I was thinking of "Smoke Gets in Your Eyes."


----------



## goofy girl (Mar 15, 2009)

Is it totally ridiculous that I'm reading these posts and sobbing? Because I don't even like to think about any of your funerals.

Ok..But to answer the question..I love Soupy's song so I might steal hers..but I always had this weird thought in my head that it would be this song, one acoustic guitar...done by a friend, preferably.

"Good Riddance (Time Of Your Life)"

Another turning point, a fork stuck in the road
Time grabs you by the wrist, directs you where to go
So make the best of this test, and don't ask why
It's not a question, but a lesson learned in time

It's something unpredictable, but in the end it's right.
I hope you had the time of your life.

So take the photographs, and still frames in your mind
Hang it on a shelf in good health and good time
Tattoos of memories and dead skin on trial
For what it's worth it was worth all the while

It's something unpredictable, but in the end it's right.
I hope you had the time of your life.

It's something unpredictable, but in the end it's right.
I hope you had the time of your life.

It's something unpredictable, but in the end it's right.
I hope you had the time of your life.


----------



## Aurora1 (Mar 15, 2009)

I'm guessing Sia "Breathe Me" would be too depressing so lets go with Lady Gaga "Just Dance" or The Counting Crows "Long December" or Lynard Skynard "Free Bird" Gosh damn! I can't even pick my own freakin funeral song...forget about shoe shopping with me....THAT would be death in and of itself! 

Let's hope none of us need a funeral song anytime soon mmmk?

xoxo


----------



## Sugar (Mar 15, 2009)

goofy girl said:


> Is it totally ridiculous that I'm reading these posts and sobbing? Because I don't even like to think about any of your funerals.



Heck no! It just goes to prove how sweet and kind you really are.


----------



## BeaBea (Mar 15, 2009)

I dont really want a funeral. I'd rather be cremated in private and then have my friends and family scatter my ashes and say goodbye somewhere informal. If they felt like music then 'Bring me Sunshine' sung by Morcambe and Wise is my absolute favourite.

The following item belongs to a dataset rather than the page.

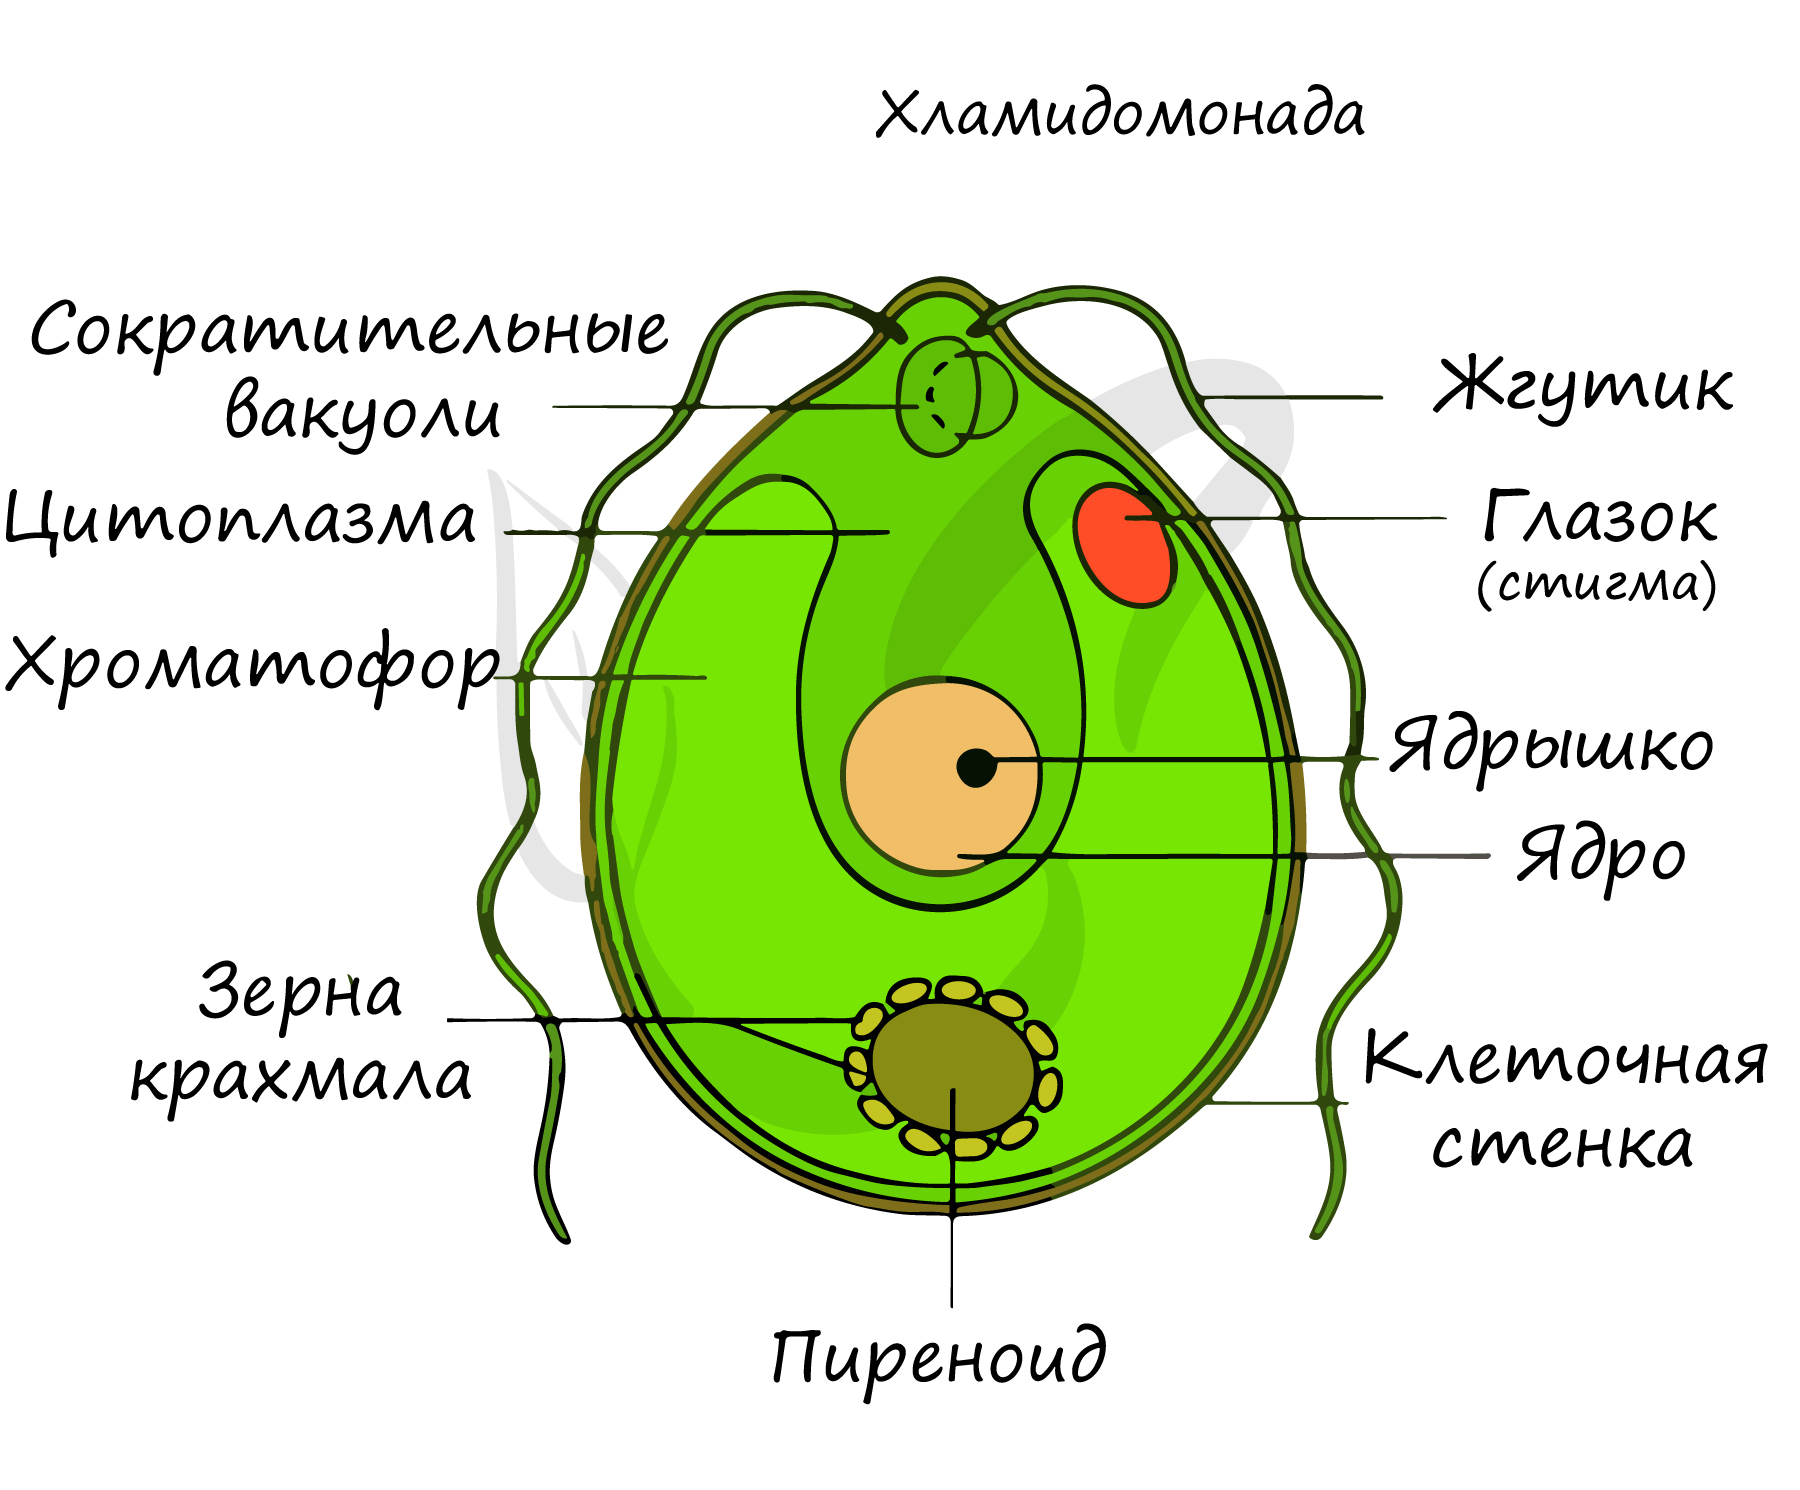 Известно что хламидомонада одноклеточная фотосинтезирующая зеленая водоросль. Хламидомонада и хлорелла. Одноклеточная водоросль хламидомонада. Строение клетки Chlamydomonas. Строение одноклеточных зеленых водорослей.

I dont want people in tears, just some smiles and hopefully some happy memories 

Tracey xx


Bring me Sunshine, in your smile,
Bring me Laughter, all the while,
In this world where we live, there should be more happiness,
So much joy you can give, to each brand new bright tomorrow,

Make me happy, through the years,
Never bring me, any tears,
Let your arms be as warm as the sun from up above,
Bring me fun, bring me sunshine, bring me love.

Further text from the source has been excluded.